=== PROVIDED RECORDS ===
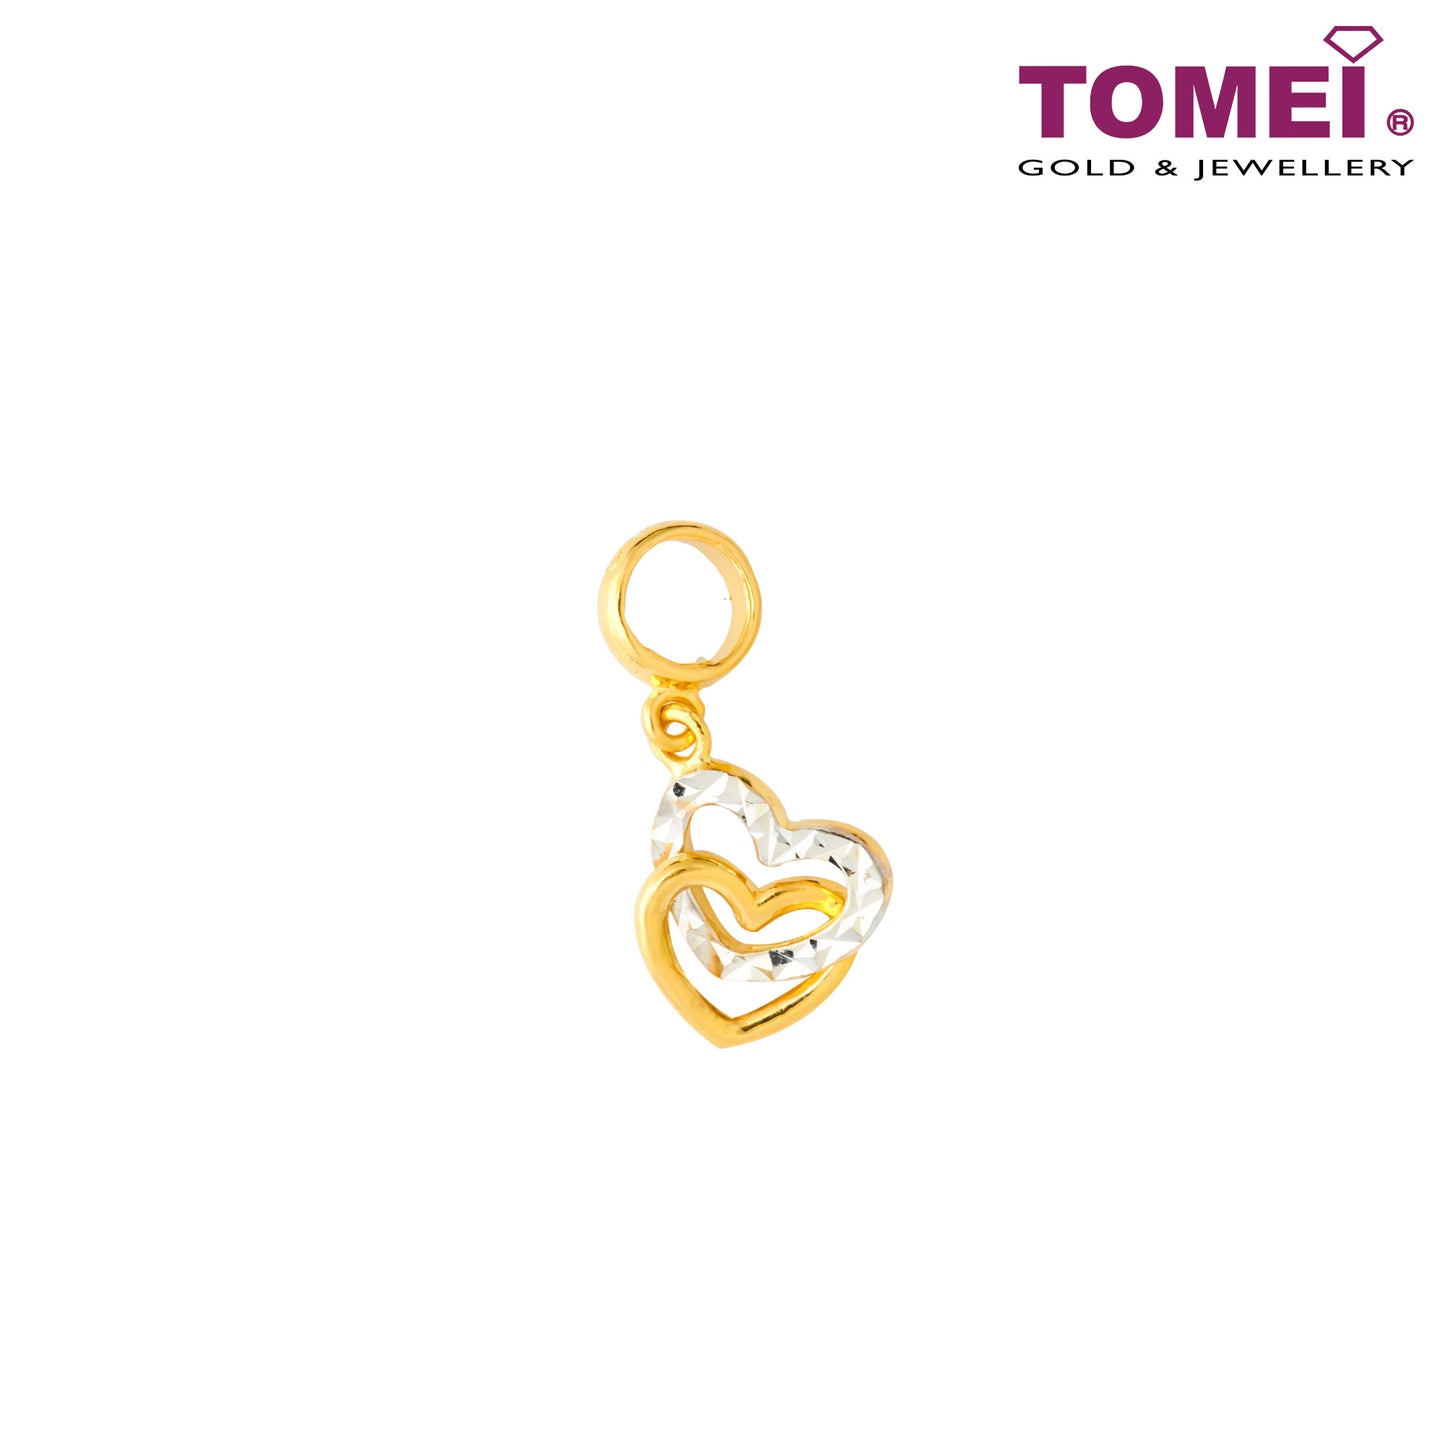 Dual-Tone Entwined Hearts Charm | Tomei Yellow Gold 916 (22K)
===
=== PROVIDED RECORDS ===
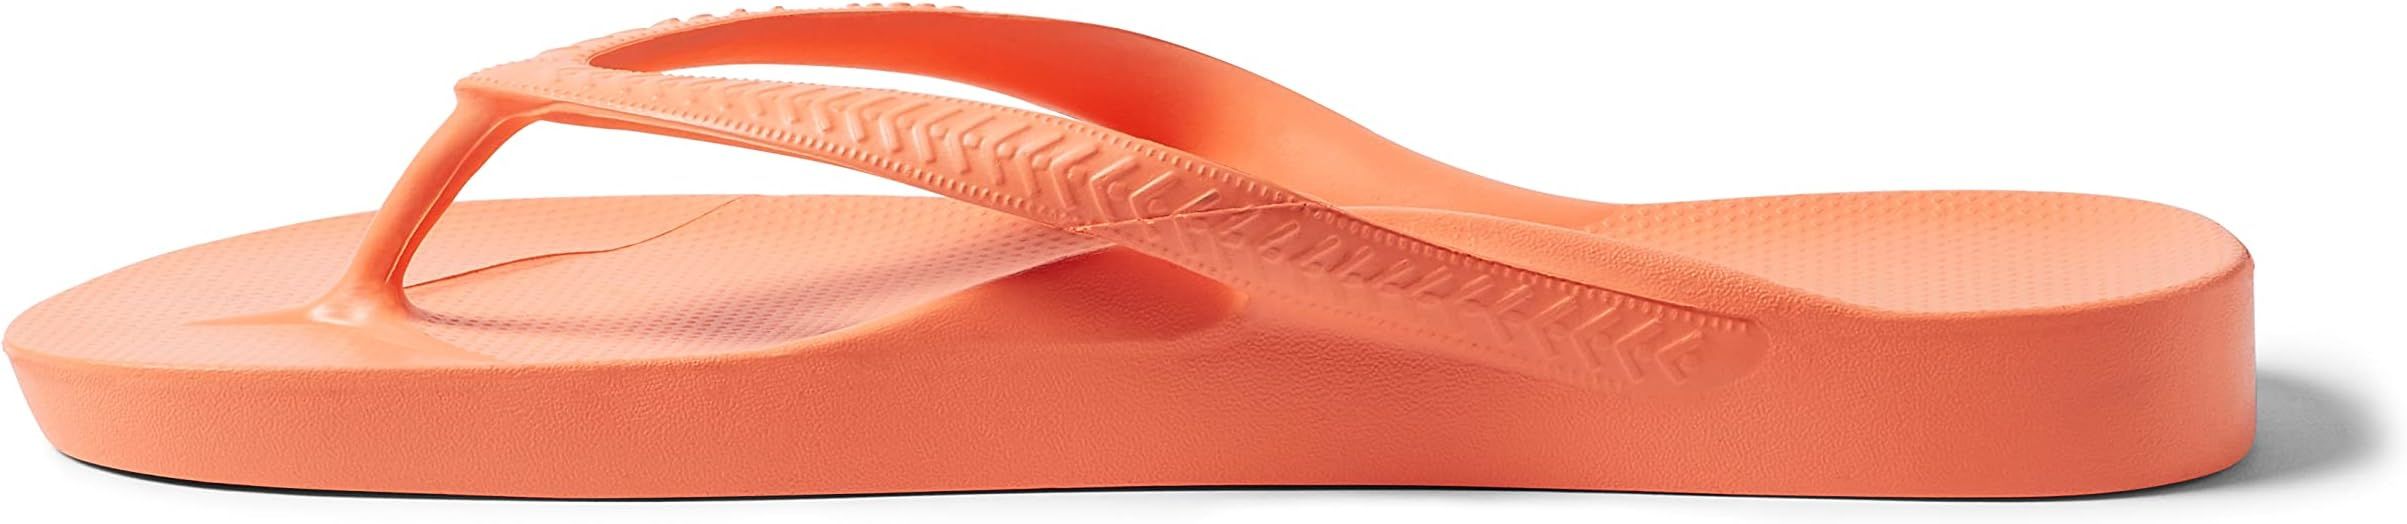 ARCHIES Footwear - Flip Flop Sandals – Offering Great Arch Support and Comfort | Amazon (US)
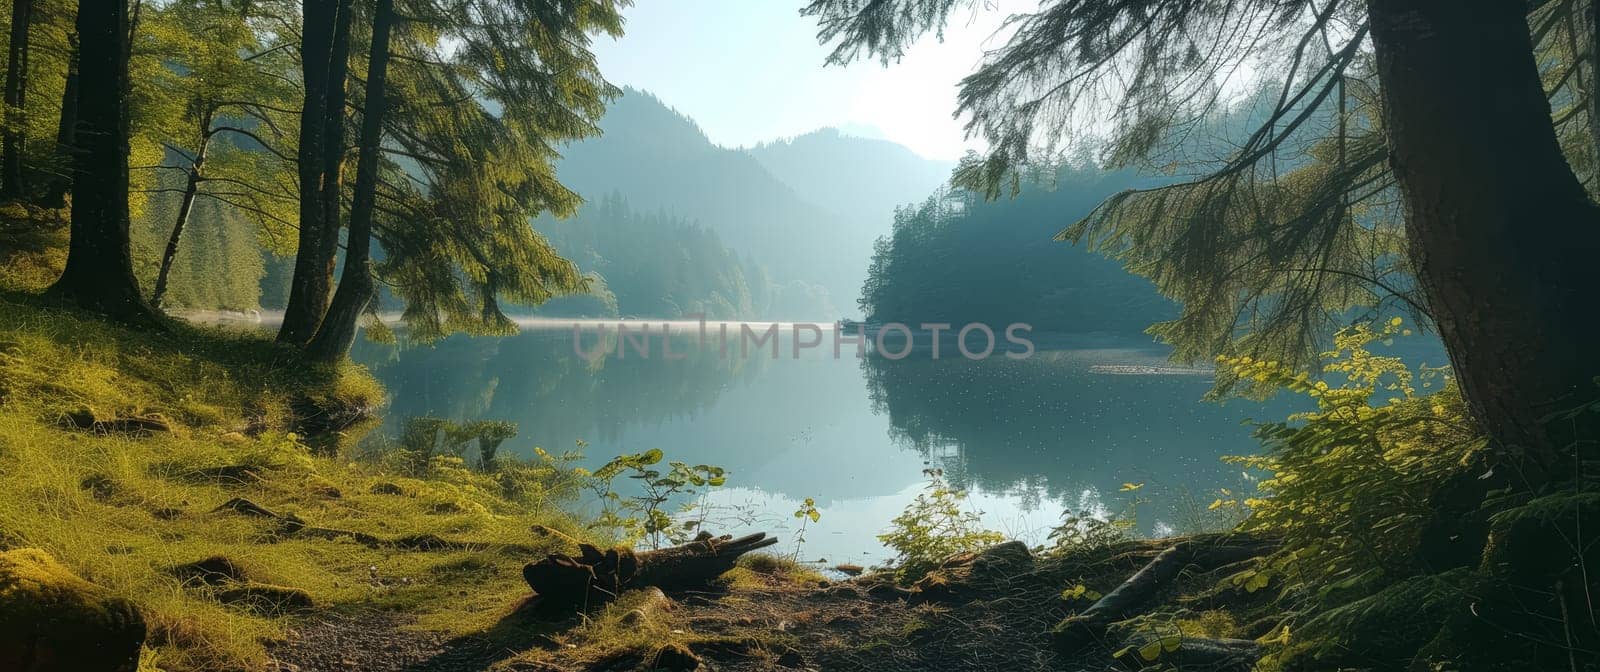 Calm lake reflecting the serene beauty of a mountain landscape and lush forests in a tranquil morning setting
===
§ WHAT IS NEEDED
Beginning at the line that has "ARCHIES Footwear - Flip" and ending at the line that has "Calm lake reflecting", restate the listing above word for word, pictures left out.

§ ANSWER FOR THIS EXERCISE
 ARCHIES Footwear - Flip Flop Sandals – Offering Great Arch Support and Comfort | Amazon (US)
 Calm lake reflecting the serene beauty of a mountain landscape and lush forests in a tranquil morning setting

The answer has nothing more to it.